INFORMATION SUPPLIED -
——————
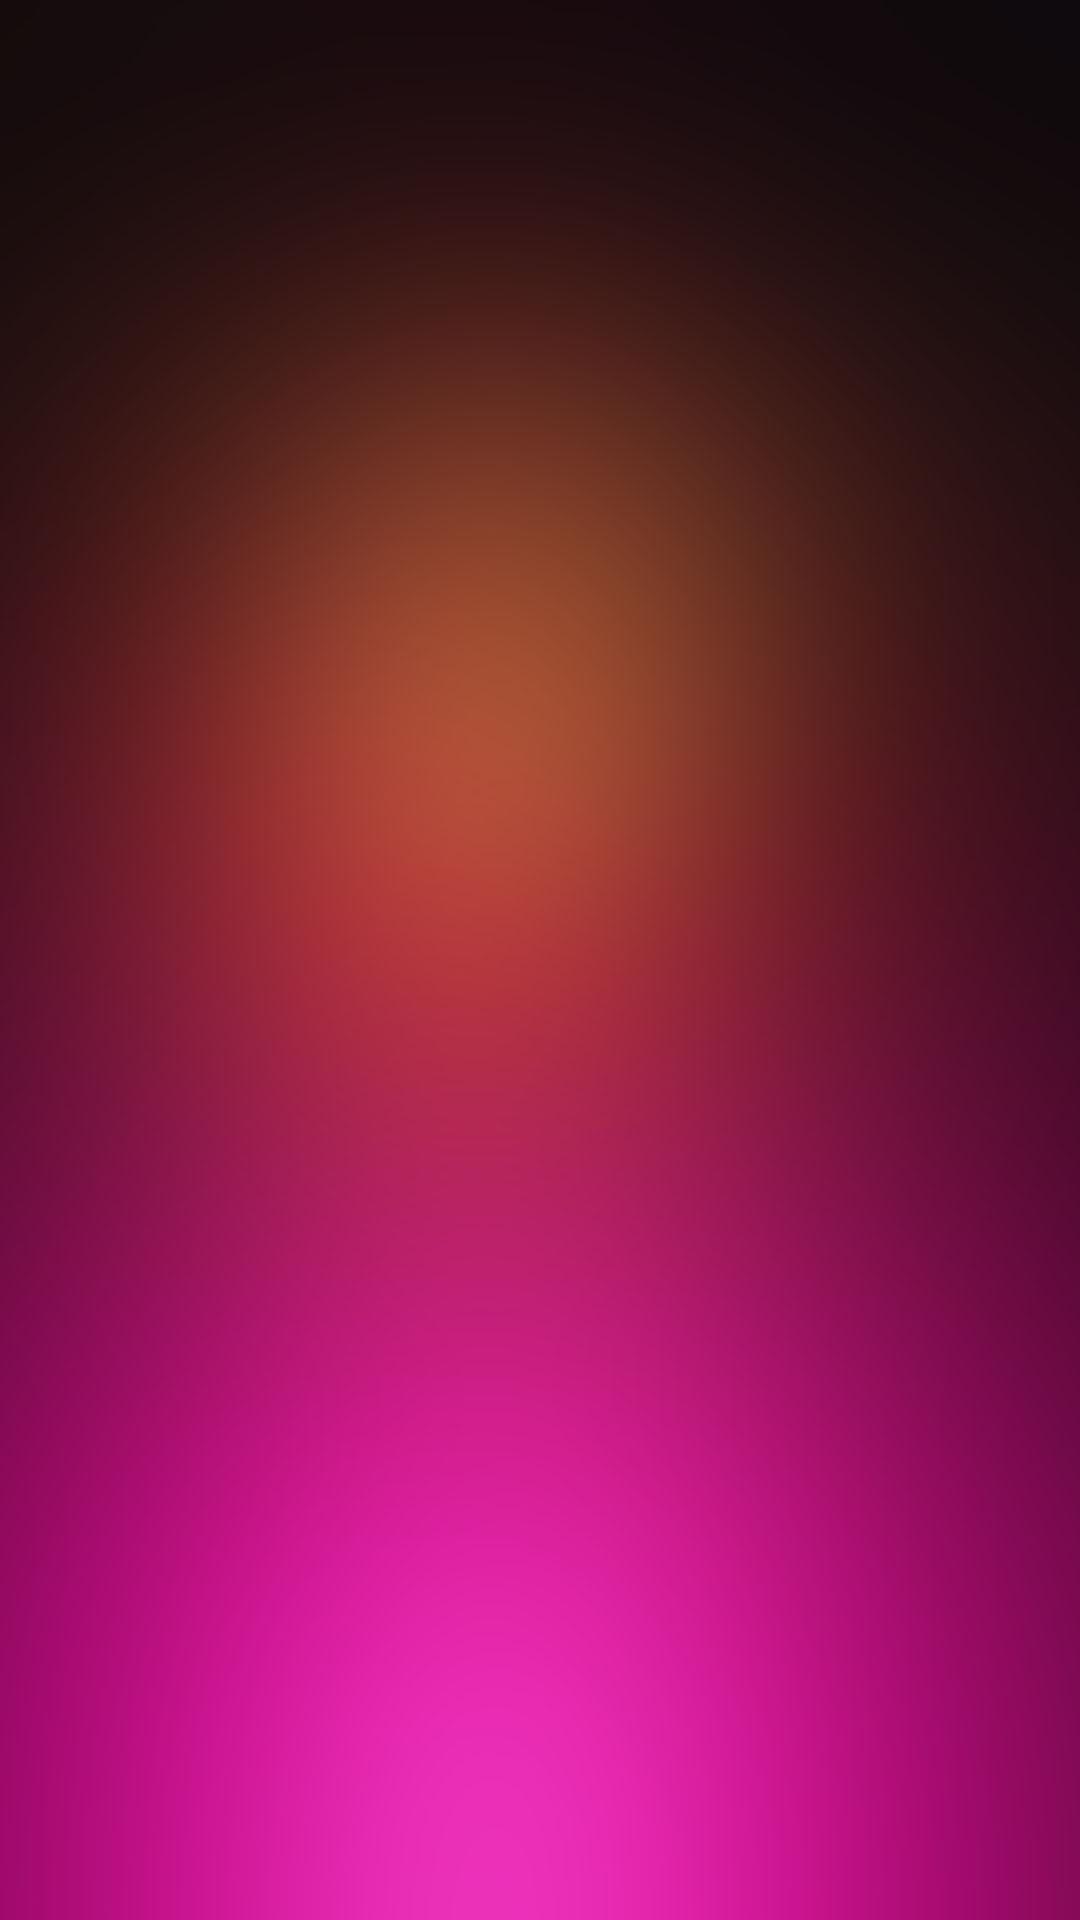 Intense Pink Orange Gradient android wallpaper
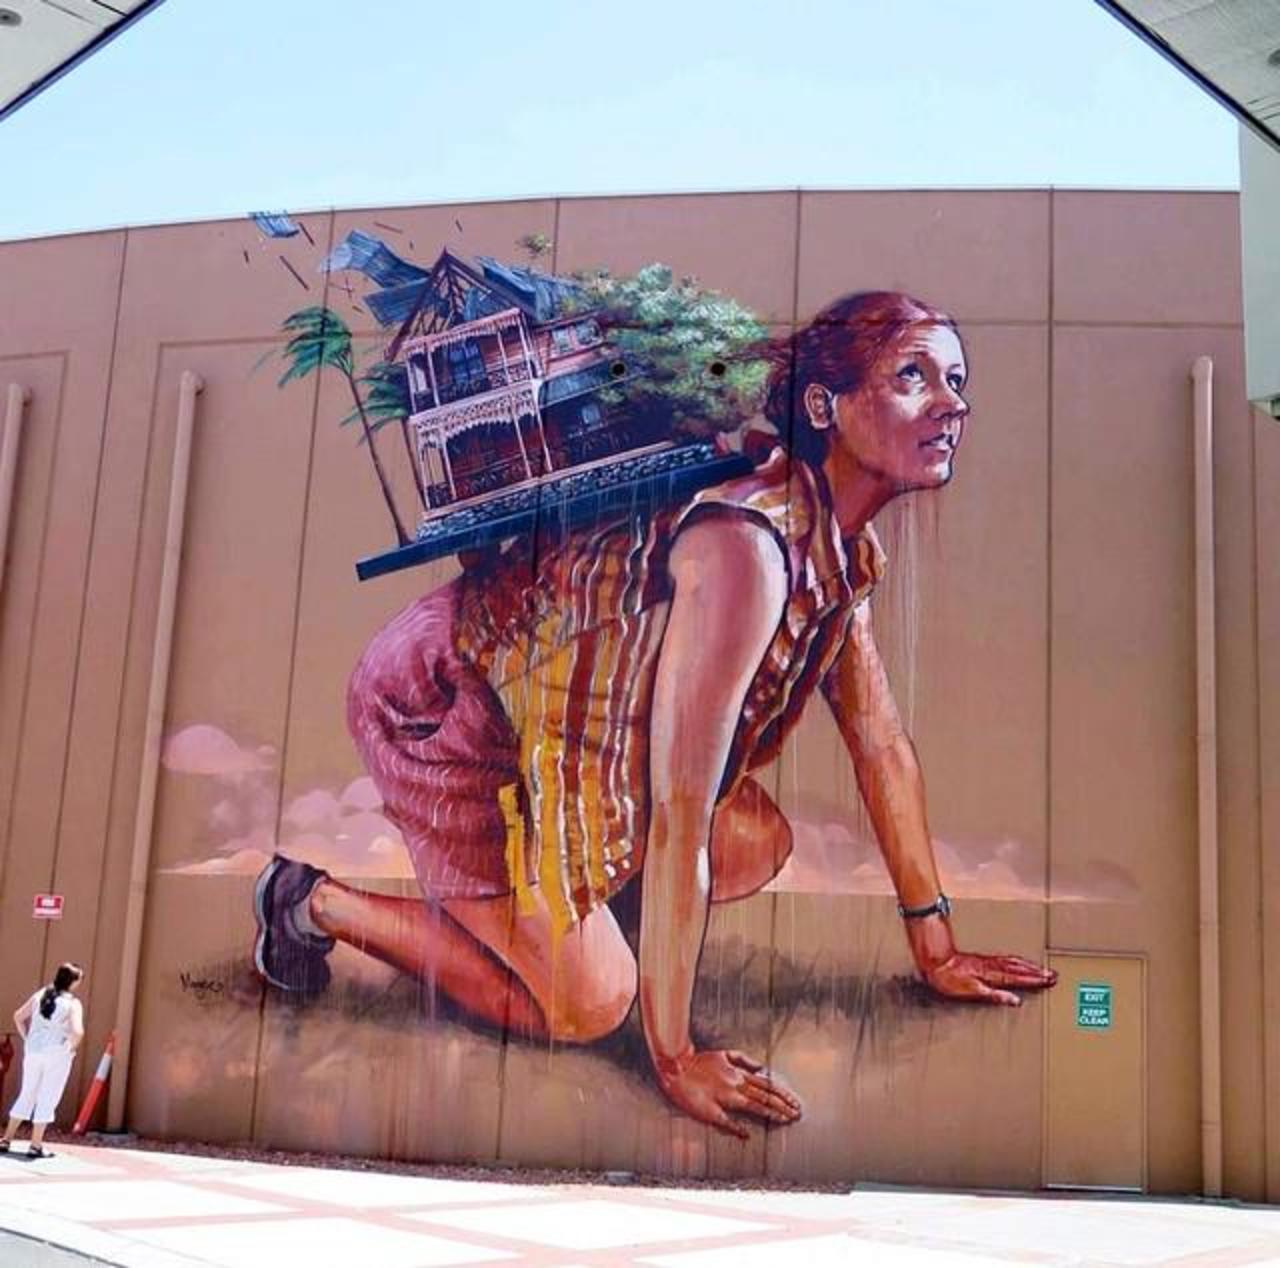 RT @GoogleStreetArt Latest Fintan Magee piece in Bunbury Western Australia
#art #graffiti #mural #streetart http://t.co/auhD3rrph3 @Gerrrty
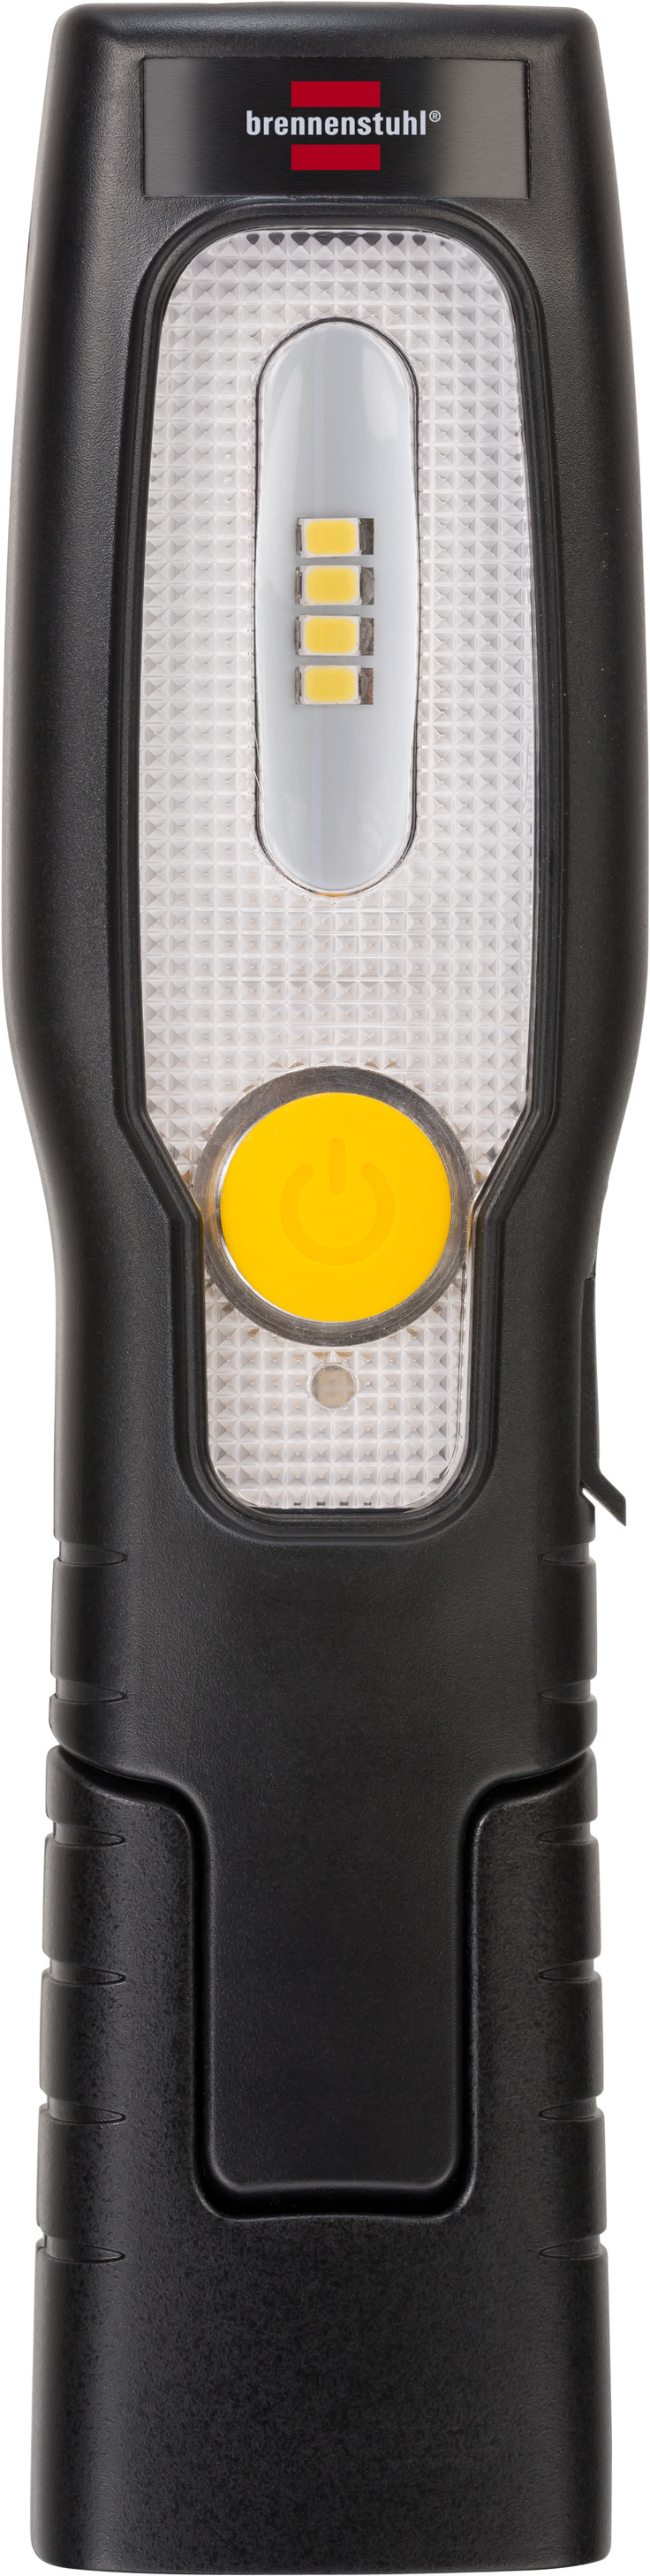 LED Akku-Handleuchte HL 200 A 250+70lm, knickbar | brennenstuhl®
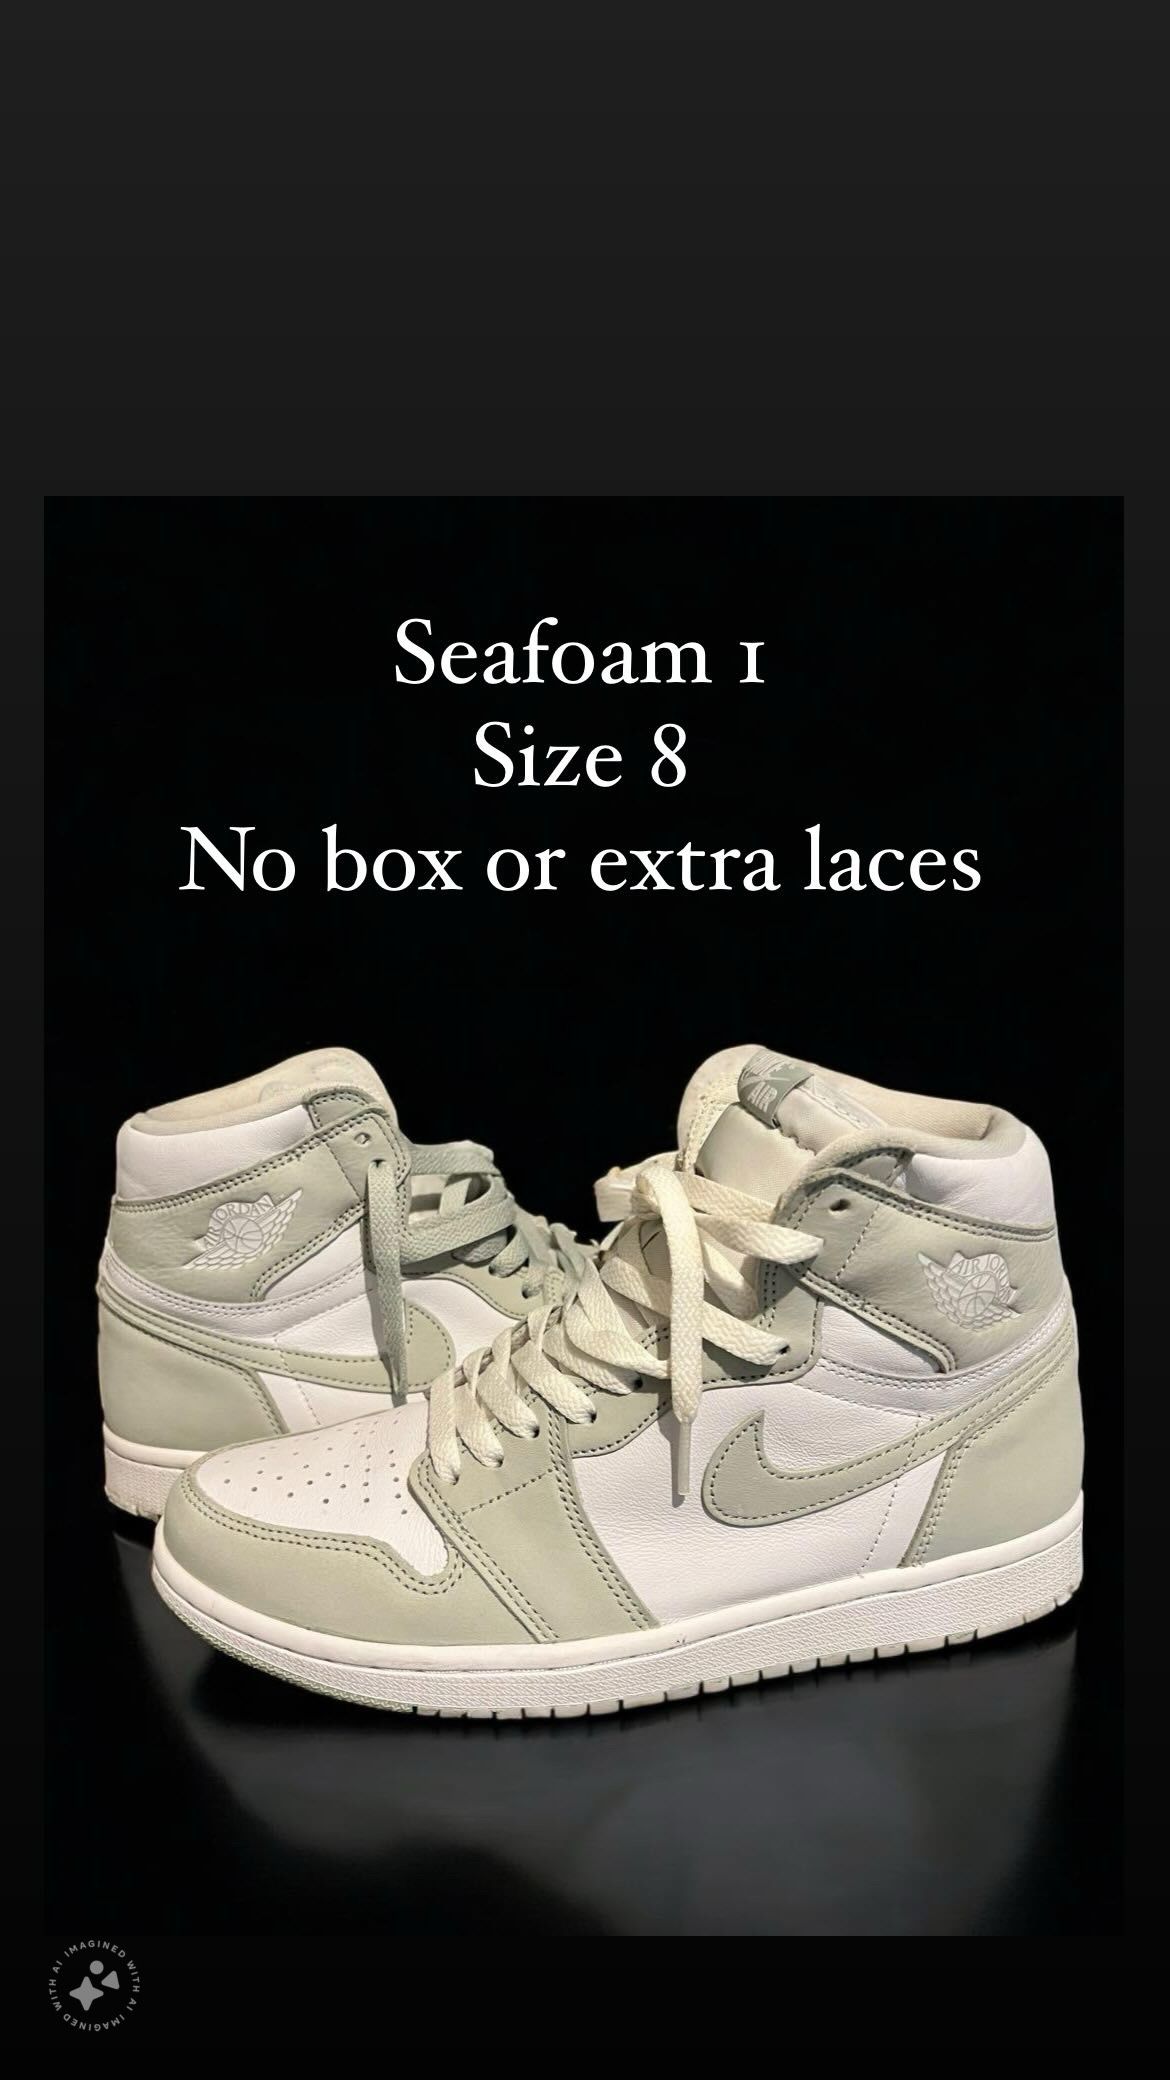 Nike Air Jordan Retro 1 Seafoam Size 8
——————
Everything in the data except the pictures must appear in your answer unchanged.

 Intense Pink Orange Gradient android wallpaper
 RT @GoogleStreetArt Latest Fintan Magee piece in Bunbury Western Australia
#art #graffiti #mural #streetart http://t.co/auhD3rrph3 @Gerrrty
 LED Akku-Handleuchte HL 200 A 250+70lm, knickbar | brennenstuhl®
 Nike Air Jordan Retro 1 Seafoam Size 8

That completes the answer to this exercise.